Yeah same....I just dont know if I can take watching Foyle play another minute tho(I mean damn he sucks, lol). The dropoff from Dwight to him is just amaazingly huge. I count even expect him to a layup half the time, lol. Dwight alone tho, as well as a better effort from Lewis, should be more than enough to handle these guys if we play them down the road tho. If Dwight was playin more with good refs, this wouldve been a blowout.


----------



## Basel (Mar 31, 2005)

I don't think you can blame only the refs. Yeah, it wasn't a greatly officiated game, but you guys missed a ton of free throws down the stretch.


----------



## MickyEyez (Aug 25, 2006)

Idunkonyou said:


> The next time they play I expect the Magic to beat them by 40 just to prove a point.





season ender...


----------



## MickyEyez (Aug 25, 2006)

Basel57 said:


> I don't think you can blame only the refs.
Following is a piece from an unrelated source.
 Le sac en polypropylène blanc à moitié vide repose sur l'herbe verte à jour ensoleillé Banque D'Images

Yeah, it wasn't a greatly officiated game, but you guys missed a ton of free throws down the stretch.


that is absolutely true and you can always say "well if we wouldn't played better it shouldn't have mattered" but there was so much frustration from the entire team throughout the game that it probably ****ed with their heads. i don't care which sport of which team i'm watching, i hate to see bad officiating because that can always change the outcome and take the enjoyment out of a game.
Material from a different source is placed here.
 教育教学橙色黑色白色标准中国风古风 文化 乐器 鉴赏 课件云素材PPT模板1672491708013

i'm not saying either way... but it just sucks when the game is not put in the players/coaches hands (throughout the game that is)


----------



## Blue (Jun 21, 2007)

Lol, I just noticed..........did u mean to call them the "Bullets" in your thread title......?


----------



## hobojoe (Jun 20, 2003)

I wasn't even surprised, I mean Brendan Haywood plays Anderson Varejao "defense" most of the time against anyone, and for some reason he's always been great at getting Dwight into foul trouble. He's so talented, I mean his ability to stick his face into Dwight's elbows is impeccable.


----------



## Idunkonyou (Feb 23, 2003)

hobojoe said:


> I wasn't even surprised, I mean Brendan Haywood plays Anderson Varejao "defense" most of the time against anyone, and for some reason he's always been great at getting Dwight into foul trouble. He's so talented, I mean his ability to stick his face into Dwight's elbows is impeccable.


:rofl2:

The Wizards win was a fluke to me. It took the refs being on their side, the worst game from Lewis, late missed FTs, Hedo missing a wide open layup, a wide open Howard at the end of the game and Howard being in foul trouble to get a 1 point win. It must have pissed the Magic off some thing awful because the 76ers are currently getting destroyed by us.


----------